Выбрать главу

Но мы, и я, в особенности, не ожидали, как эффектно закончится этот вечер или, правильнее, ночь.

Дверь из столовой отворилась, и спутник удалившейся блондинки провозгласил:

— Кто хочет видеть живую картину: «Венера перед Парисом»? Вход без билетов.

Мы гурьбой бросились в столовую, предвкушая новое удовольствие. Но то, что мы увидели, превзошло всякие ожидания.

На столе среди пустых бутылок и разных объедков красовалась живая статуя, та самая блондинка, которая только что ушла; но теперь она была в костюме Евы до грехопадения.

Мы остолбенели. Даже суровые винопийцы забыли на мгновение о коньяке высокой марки и ошалевшими глазами глядели на живую Венеру. А она стояла перед нами прекрасная, чистая, как греза поэта, сверкающая белизной.

Я даже закрыл на мгновение глаза, но сейчас же, конечно, опять открыл их. Она была…

Некто из породы людей, называемых приятелями (вероятно, потому, что они считают приятным для себя долгом досаждать вам по мере сил и способностей), смотрит через мое плечо и подсказывает:

— Высокая, статная, грудь колесом…

Я делаю нетерпеливое движение плечом и говорю:

— Ну да, высокая, статная, достаточно полная, чтобы не было угловатостей и не настолько полная, чтобы казаться раздобревшей. Нежная, атласистая кожа, трепещущее упругое тело, почти молочно-белое, с тем особым оттенком яркости, который часто бывает у блондинок. Грудь…

— Угу! — мычит приятель.

— Ах, эта великолепная грудь, при воспоминании о которой у меня доныне дрожит сердце! Шедшая покато от шеи и нежной волнистой линией поднимающаяся и за упругими высокими полушариями спускающаяся по бюсту к талии. А эта талия, бедра, такою чистой линией переходящие…

— Ну, брат, ты ударился в физическую географию! Лучше я удалюсь.

Приятель ошеломлен.

И исчезает. Я смотрю ему вслед, а сердце продолжает дрожать.

Одним словом, все в этой живой статуе было безукоризненно: нога имела такую идеально-чистую форму, какой мне еще не приходилось видеть: небольшая, с розовыми ноготками и высоким подъемом ступня переходила в тонкую щиколотку, а затем начинался изящный вырез округленной стройной голени, настолько стройной, что она мне напомнила наголенники у средневековых рыцарей. Даже напряжение ножных мускулов не портило формы ноги.

Я смотрел на нее и удивлялся, как это я раньше не заметил красоты стана, бедер, стройности фигуры.

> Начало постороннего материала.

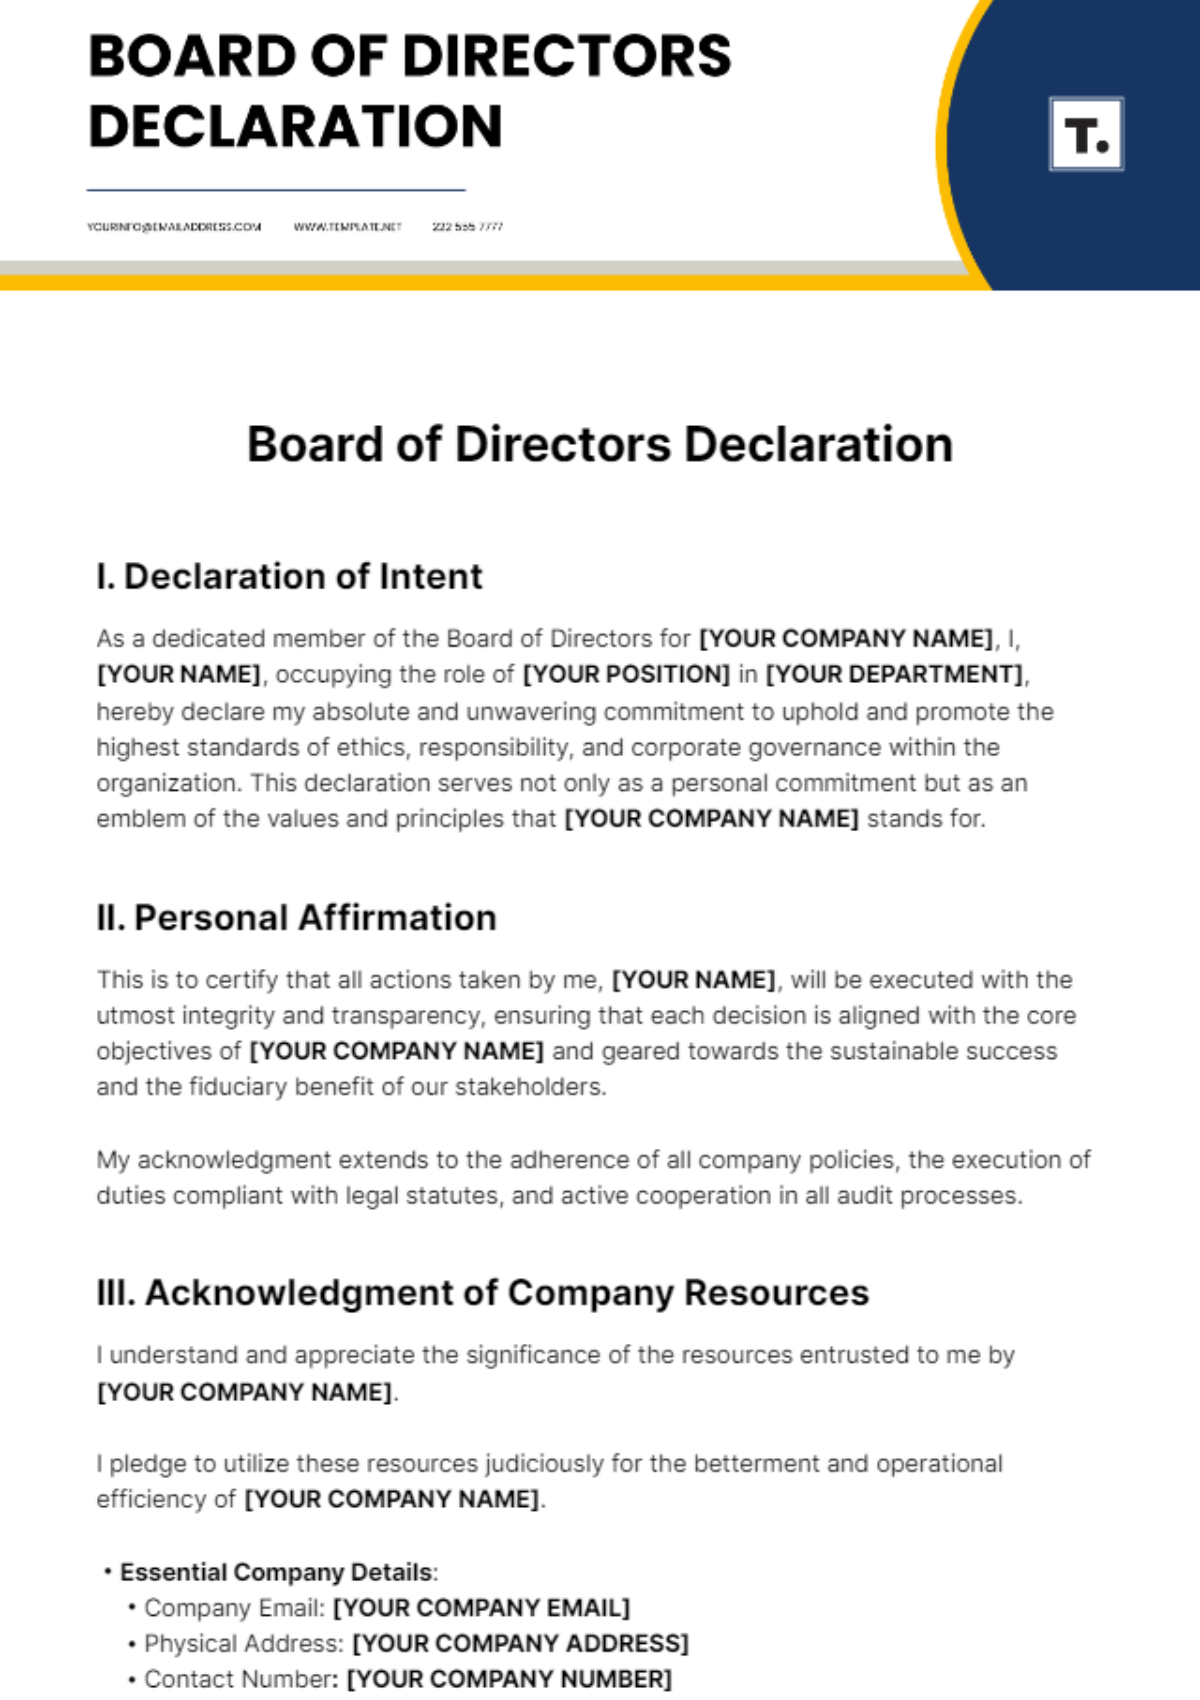 Board of Directors Declaration Template

Лицо у нее, правда, не отличалось классической красотой, но было, во всяком случае, сносное, удовлетворительное лицо; да и не в лице, по моему, главная сила. Впрочем, может быть, она и не отличалась такой красотой тела, какая представилась мне под влиянием неожиданности и бутылки рейнвейна.

Кругом вдруг зааплодировали, зашумели и заорали «ура». А она смотрела на нас и наслаждалась нашим восхищением, принимая его, как должную дань.

— Ну что ж, я вам нравлюсь? — спросила она меня, очевидно, желая знать, соответствует ли она тому идеалу, который я так горячо расписывал минут десять тому назад.

— Царица очей моих, — начал я убежденным тоном, — я никогда не надеялся видеть такие идеальные члены, такое чудное тело. Не говоря о живых женщинах, я не видал ни одной статуи, ни одной картины, ни одного, следовательно, создания гения, которое бы могло в моих глазах сравниться с вами красотою форм.

Ну, это я, кажется, соврал в пылу восторга; но она поверила и задумчиво пробормотала:

— Неужели я так красива?

— И вы еще сомневаетесь? Взгляните в зеркало и судите сами!.. Только напрасно все это: ну, вот описал я вас самым старательным образом, не пожалел ни слов, ни восторгов, ни даже восклицательных знаков и многоточий. Но как бедны кажутся слова в сравнении с вами и как мало они определяют или даже совсем ничего не определяют! Что значит: «идеальные члены», «чудное тело», «изящный вырез голени»? Еще настроение мое кто-либо, может быть, поймет, но вашу наружность всякий представит себе по-своему…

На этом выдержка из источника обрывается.